- Directed by: Sergio Martino
- Written by: Ottavio Jemma Jean Louis Giorgio Mariuzzo Sergio Martino Francesco Milizia Michele Massimo Tarantini
- Produced by: Luciano Martino
- Starring: Renzo Montagnani Edwige Fenech Barbara Bouchet Lino Banfi
- Cinematography: Giancarlo Ferrando
- Edited by: Eugenio Alabiso
- Music by: Detto Mariano
- Release date: 1981;
- Language: Italian

= La moglie in vacanza... l'amante in città =

1980 film by Sergio Martino

La moglie in vacanza... l'amante in città (The wife on vacation ... the lover in town) is a 1981 commedia sexy all'italiana directed by Sergio Martino.

== Plot ==
During a holiday in Courmayeur, a wealthy industrialist from Parma finds himself in the same hotel with his wife, his lover and the lover of his wife.

== Cast ==
- Renzo Montagnani as Andrea Damiani
- Edwige Fenech as Giulia
- Barbara Bouchet as Valeria
- Lino Banfi as Peppino
- Tullio Solenghi as Giovanni La Carretta
- Marisa Merlini as Andrea's mother-in-law
- Pippo Santonastaso as Emilio Casadei
- Renzo Ozzano as Vasha Milova
- Jacques Stany as Toni
- Maria Teresa Ruta as the nurse

== Production ==
The film was shot between Parma and Courmayeur.
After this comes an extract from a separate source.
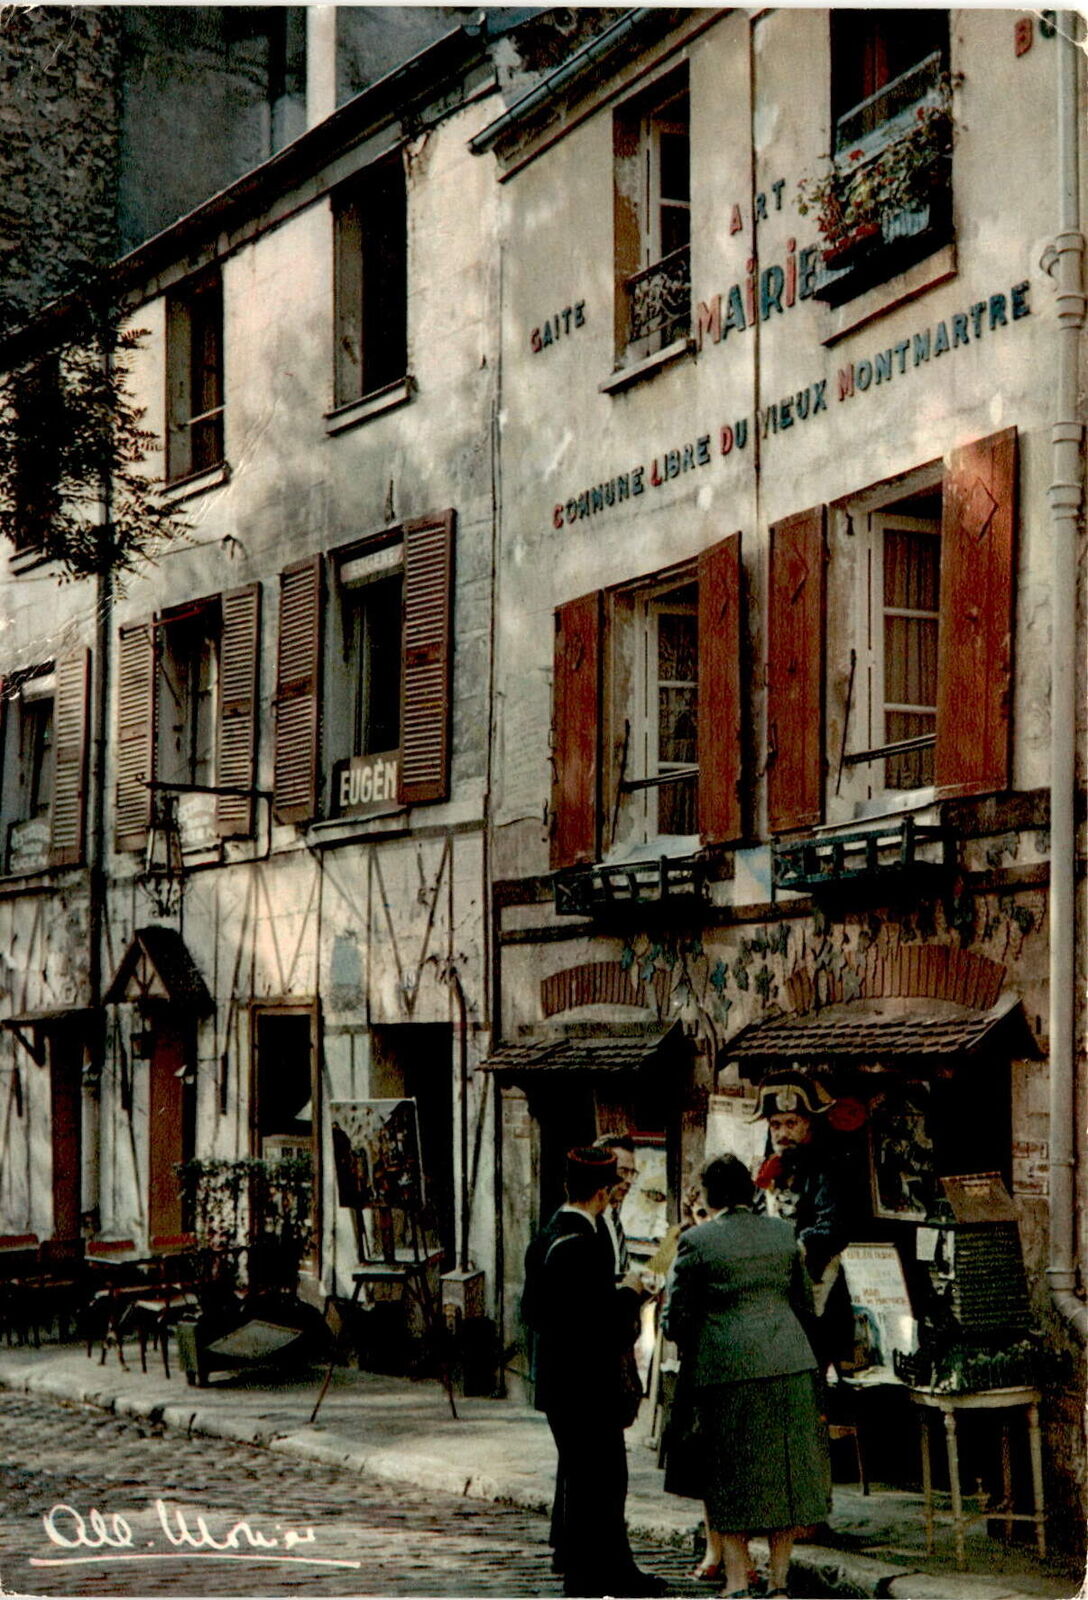 Paris, France, Commune Libre du Vieux Montmartre, Place du Tertre,  Postcard

The role of Giovanni, later played by Tullio Solenghi, was originally intended for Christian De Sica.

== Release ==
The film was released in Italian cinemas by Medusa on 30 January 1981.

== Reception ==
The film was a box office success, grossing over 1,8 billion lire. Marco Giusti described it as an early attempt to mix commedia sexy and high comedy.